The following outline the connections between the components used for the automated ingestion.
- The data flows from the source into an S3 bucket. Multiple sources can be utilised, as well.
- An IAM role with a policy providing the permissions to List/Read/Write from the S3 bucket is used.
- The connection between the IAM role and the storage integration is established using:
- role ARN
- IAM_USER_ARN and the External_ID specified by the storage integration
- A Snowflake external stage can be created using the storage integration name, which allows access to the data in the S3 bucket through the IAM role.
- The Snowpipe uses the external stage to copy the data into a snowflake table.
- The Snowpipe is notified when new data arrives in the S3 bucket through the notification path.
Requirements
This article assumes that the following objects are already configured:
- An AWS S3 bucket
- A Snowflake user with ACCOUNTADMIN role or another role with granted CREATE INTEGRATION privileges
- A Snowflake table with a column of type VARIANT
Step 1: Configure a Storage Integrations Between Snowflake and AWS S3
This step is covered in another blog post: Configuring Storage Integrations Between Snowflake and AWS S3.
Step 2: Creating a Snowpipe
To utilize cloud messaging for triggering data loads, the Snowpipe query should have “auto_ingest = true”, as shown below:
create pipe <snowpipe_name> auto_ingest=true as copy into <table_name> from @<stage_name> file_format = (type = 'json');
Snowpipe copies the incoming data from the external stage created in Step 2 into a table.

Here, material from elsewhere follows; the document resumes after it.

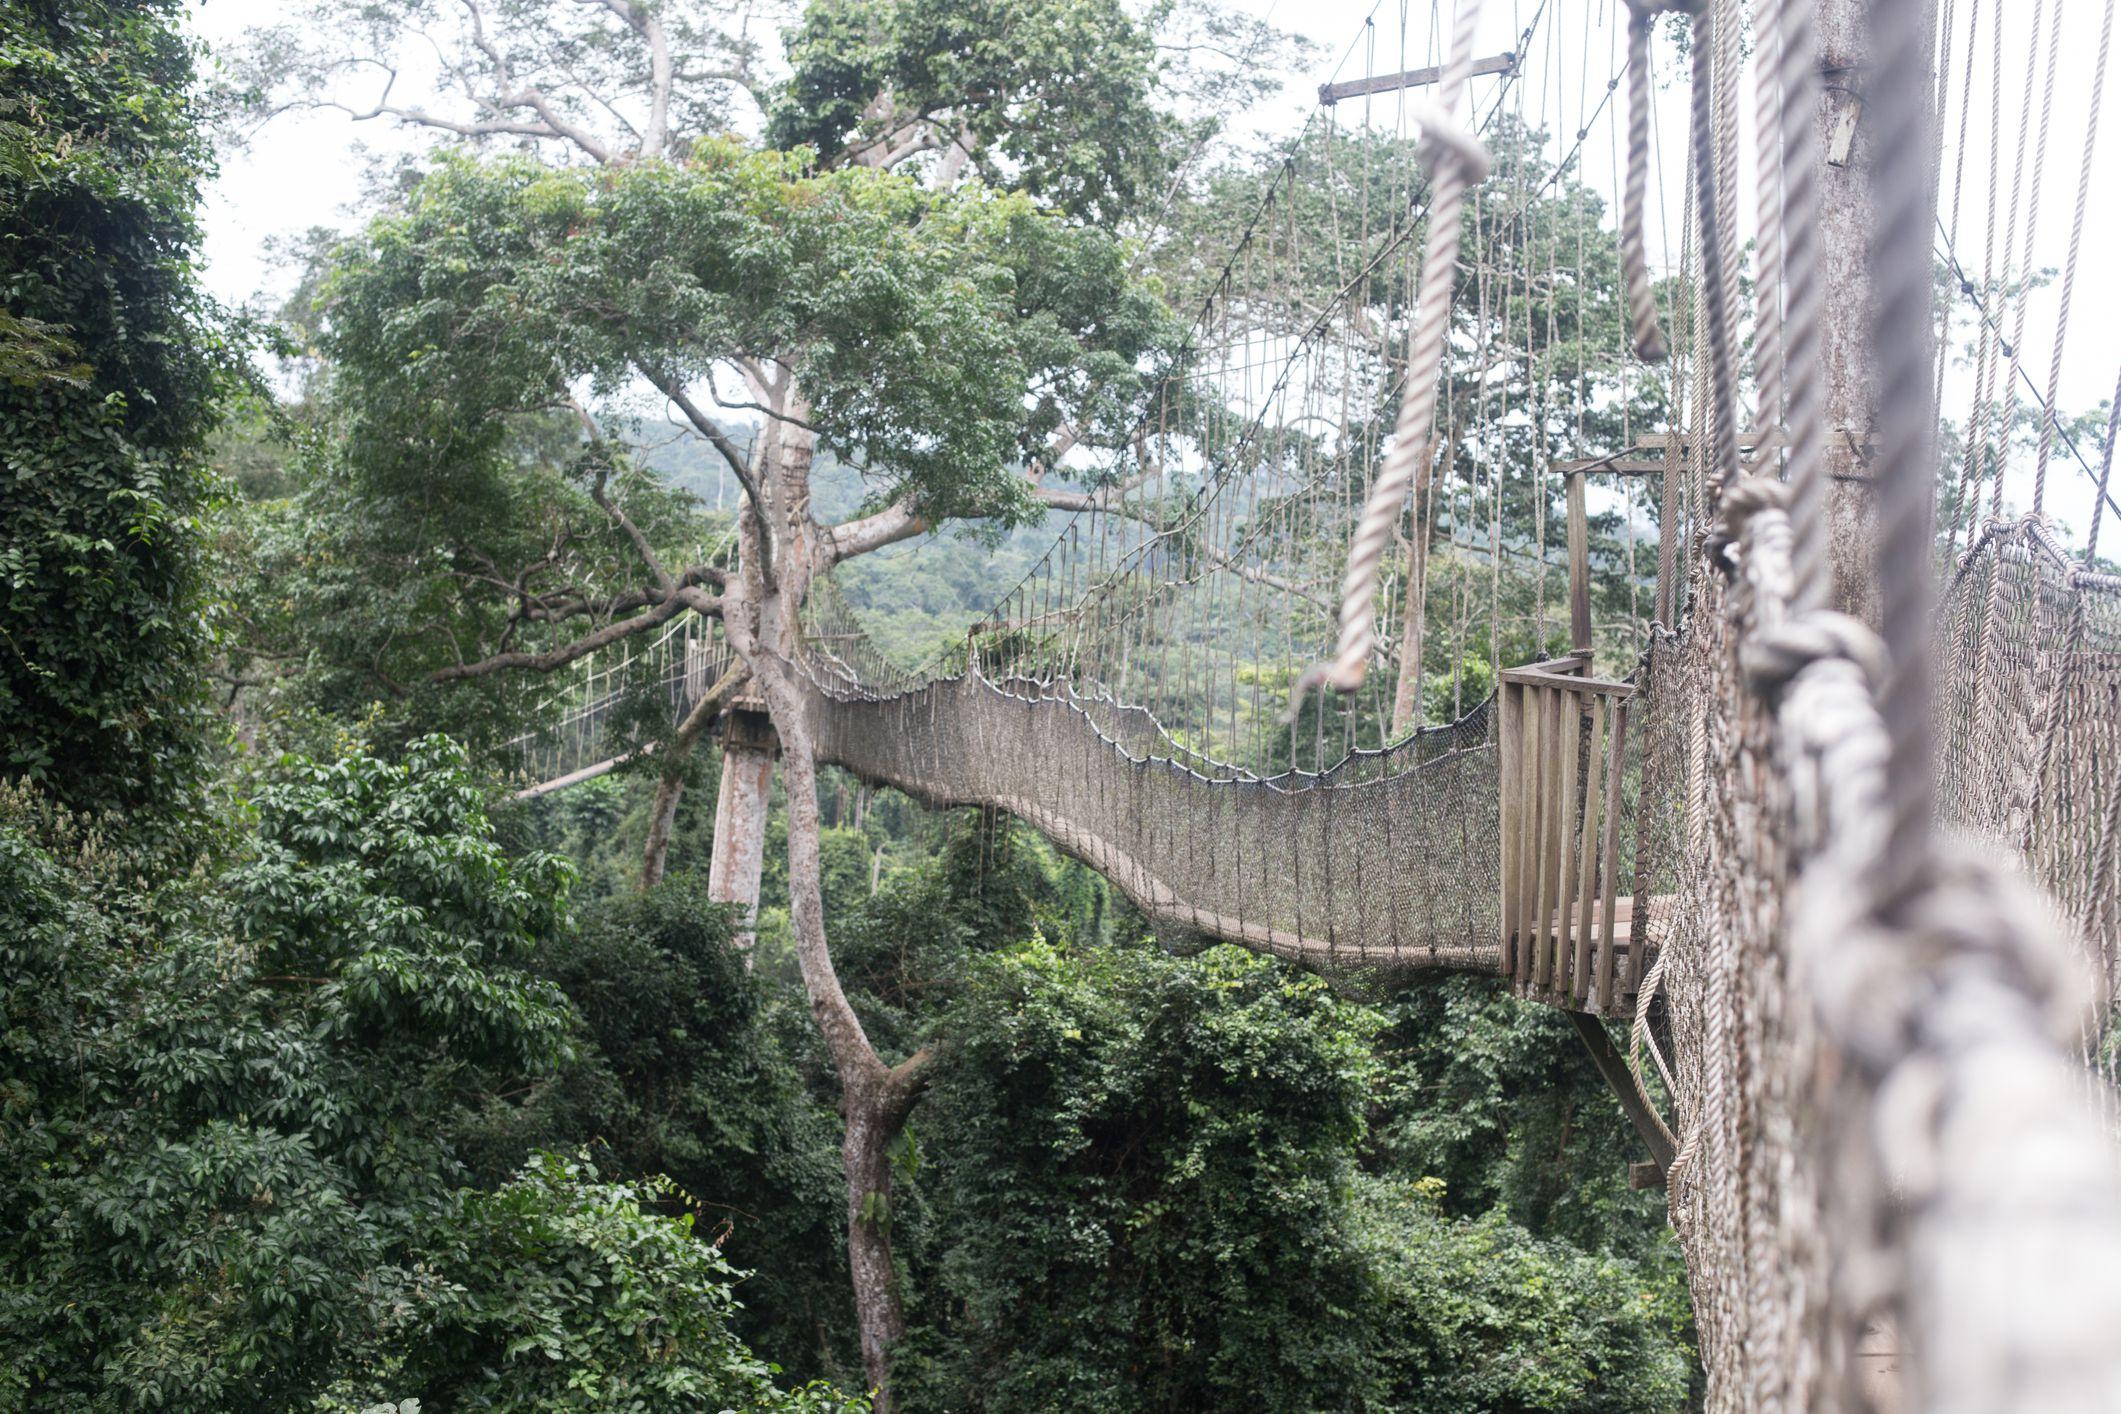 Canopy walk rope bridge in Kakum National Park

Step 3: Setting Up an Event Notification for Snowpipe
The final step is to enable the bucket to notify Snowpipe when new data arrives. This can be done by executing the query “desc pipe <snowpipe_name>;”, copying the notification_channel value from the query results, and pasting it into the AWS SQS.

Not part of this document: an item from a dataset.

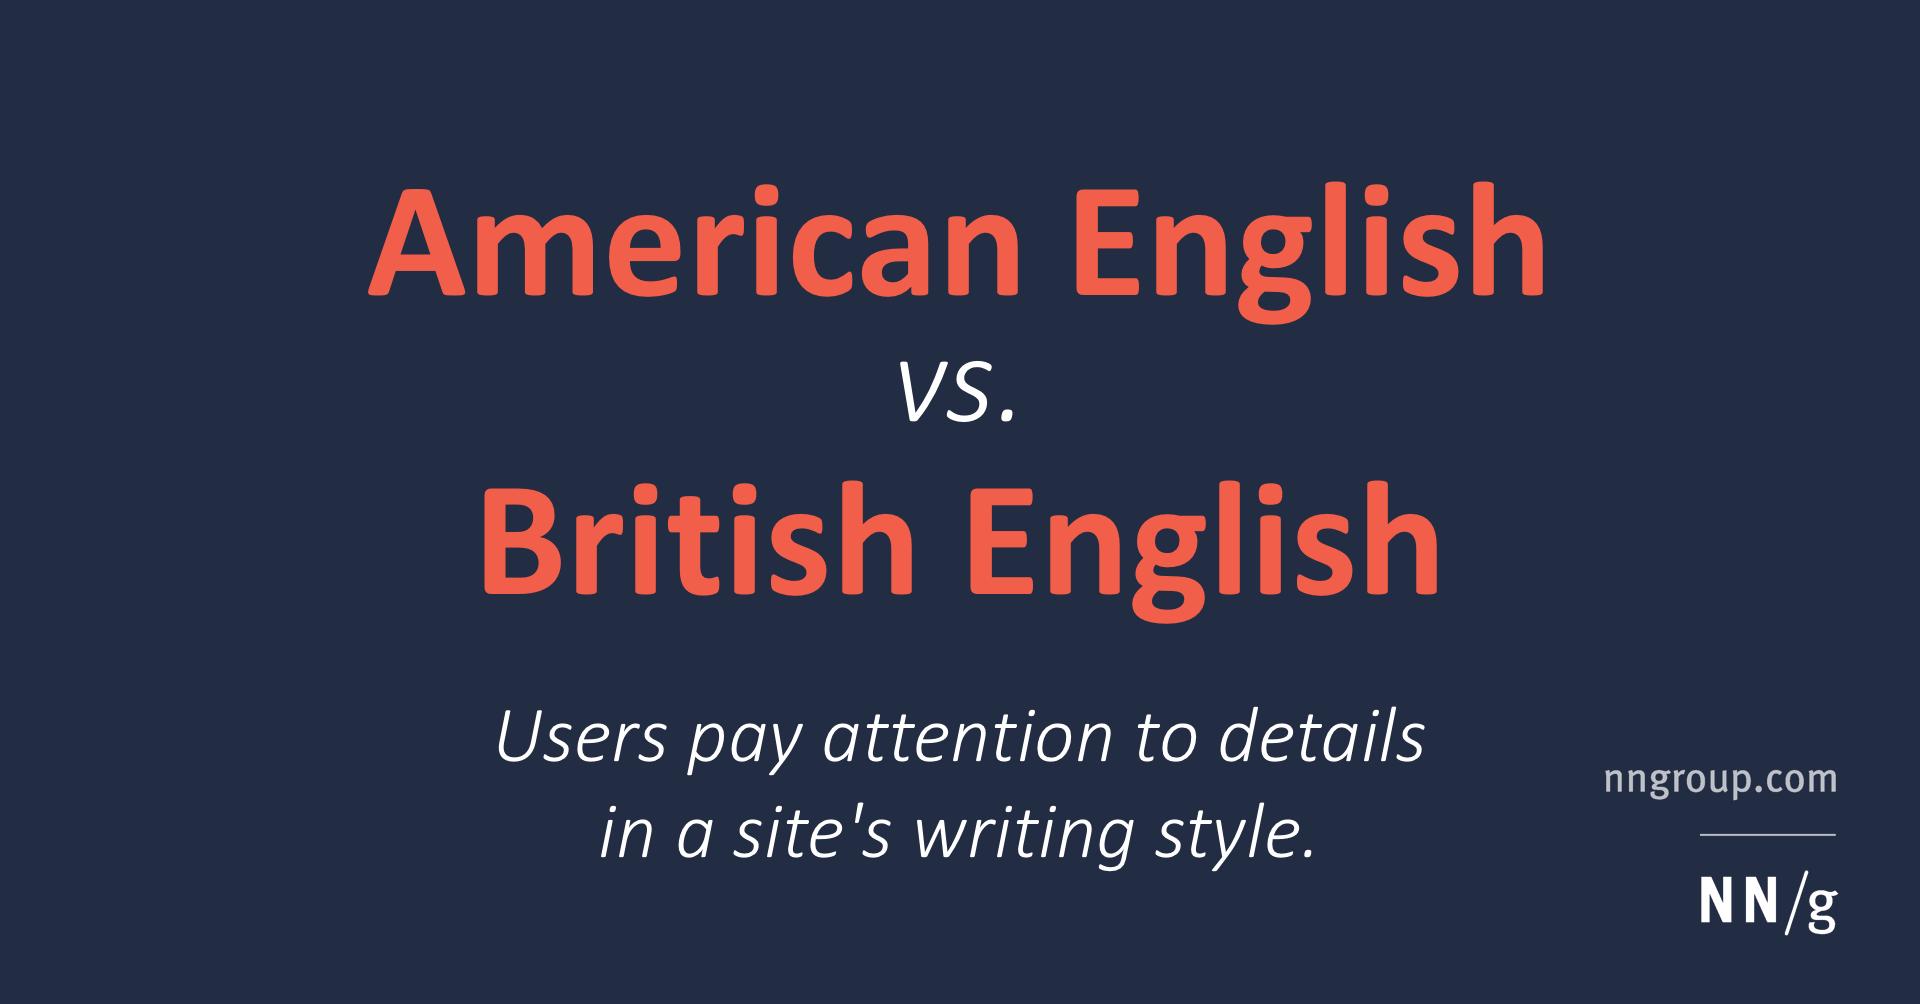 American English vs. British English for Web Content

The following GIF shows how to set up an event notification for Snowpipe:
To approve the connection, you can upload any JSON file in the S3 bucket and then run the following SQL statement in Snowflake:
Select * from <table_name>;
The query should display a table with the JSON data from the S3 Bucket. Note that Snowpipe is not a real-time solution, so there will be some delay before the data is available to query in Snowflake.
Wrap Up
This article demonstrates how to set up a Snowpipe that uses an event notification on an S3 bucket to be notified. The Snowpipe then accesses the data in that S3 bucket from an external stage via a storage integration that uses an IAM role with permissions to access the S3 bucket. That data will then be copied by Snowpipe into a Snowflake table with a column of the type VARIANT.